Even that life looked threatened when Mahabir died young, leaving the family near-destitute. When Dipak, the second son, failed his exams, it only added to the woes of a cash-strapped family. Yet today Dipak, now better known as Munna Maharaj, is the man entrusted with preparing the food for the spectacular wedding of global steel billionaire Laxmi Mittal’s daughter. The rags-to-riches story of a struggling student who became one of India’s finest chefs is a remarkable tale of 24 years of hard work and unprecedented success.

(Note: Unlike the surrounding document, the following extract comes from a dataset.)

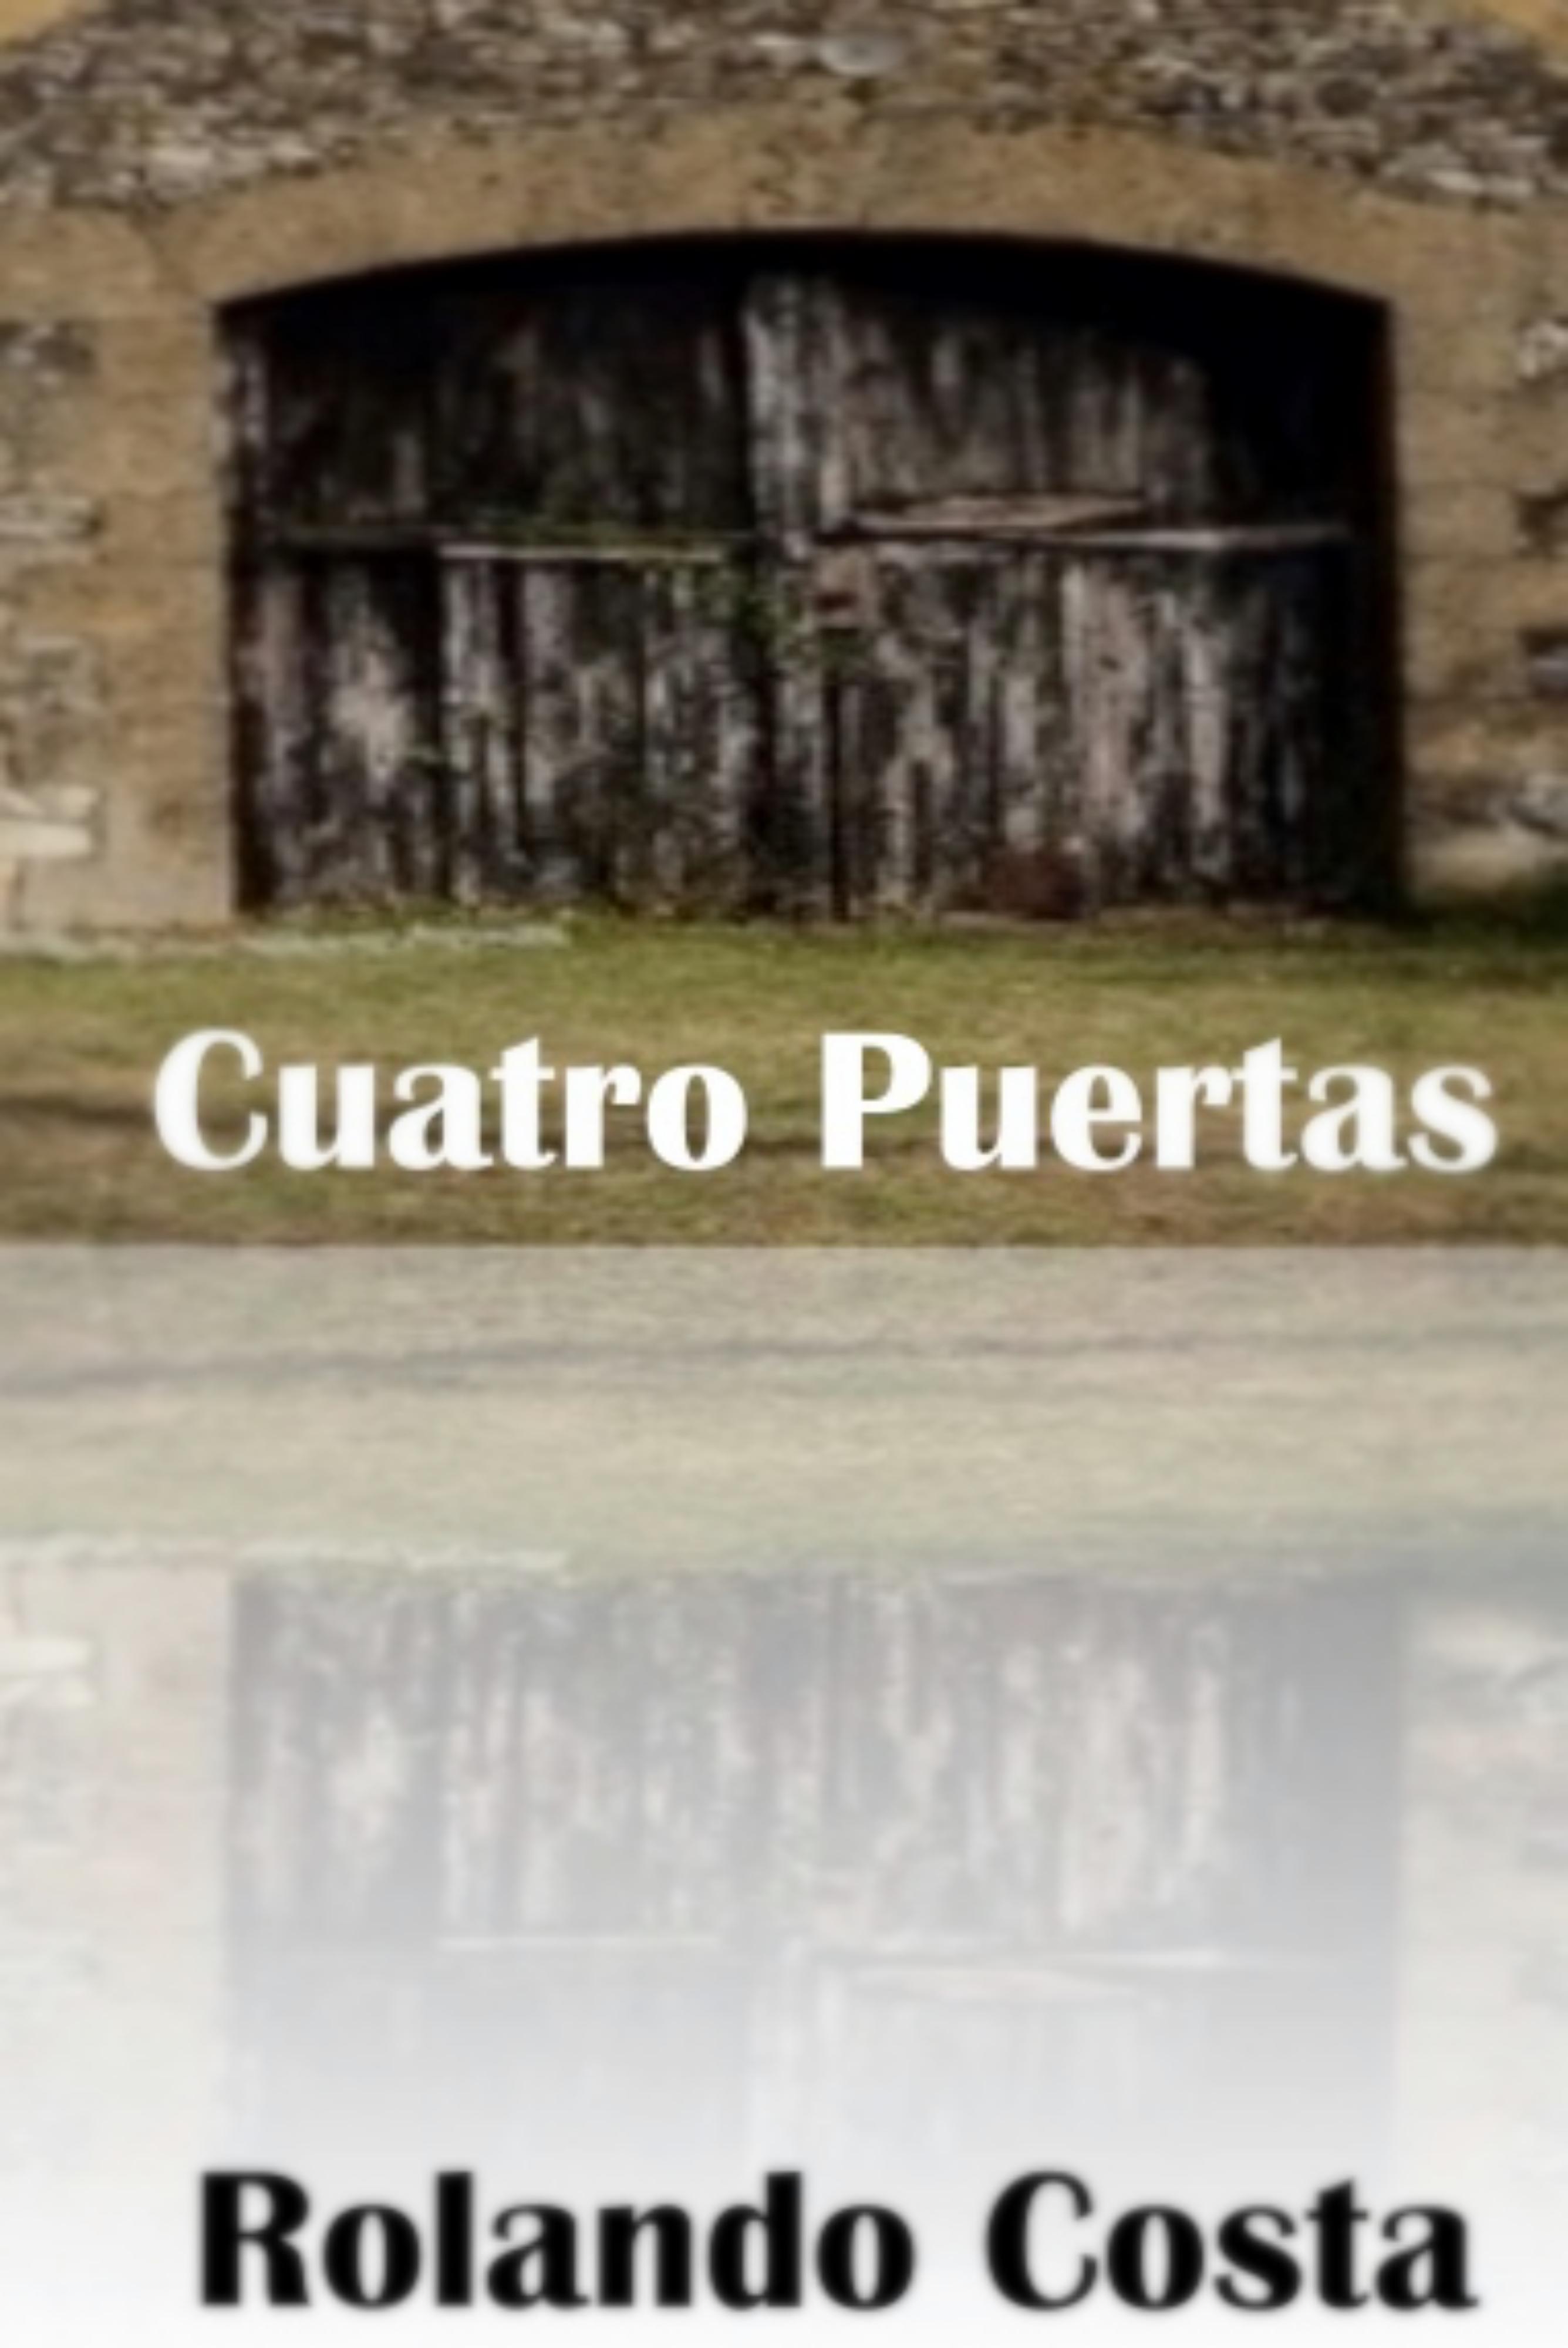 Cuatro Puertas Rolando Costa

Dipak used to accompany his father to his clients’ homes, and after Mahabir died he worked these contacts. With just a few exceptions (he catered for Michael Jackson when the pop star visited Bombay), he has stayed focused on this Marwari clientele. As his reputation grew, he was able to ramp his operations up to a point where he could prepare over 120 dishes for up to 15,000 guests. It’s the sort of scale he needs to work on given that his clientele is almost Marwari royalty—families like the Bangurs, Birlas, Jalans, Modis and the Singhanias.

His first really big break came in 1988, when he catered for Kumarmangalam Birla’s wedding in Mumbai. Marwaris are traditionally vegetarian, and Munna is rated as one of the most creative vegetarian cooks in the world. His strength, say cognoscenti, isn’t so much in how he does well-known dishes as it is in the innovations that make his dishes special. "The range is breathtaking," says author and foodie Moni Shanker Mukherjee. Munna will use orange paste to turn the humble Dum Aloo into something rather exotic. He dips kanchagollas (sweet cheese balls) into the sauce that comes with jalebis and fries them to a crisp, blending new tastes and flavours. "He’s constantly looking for new recipes, rare fruits, herbs, roots, and vegetables, here and abroad," adds Mukherjee. The search for exactly the right ingredients is critical for masters like Munna. "He was up to his ears in work, wondering where he could get the kind of milk he needed for his sweet dishes," says his brother Sanjay, after speaking to him in Paris.

Yet, perhaps unsurprisingly, for someone who spends long hours immersed in cooking up gastronomic extravaganzas, the 38-year-old himself is a simple eater. His family says it’s rare for him to eat anything more than rice, chapatis, dal and boiled vegetables. His clients and their guests get much luckier.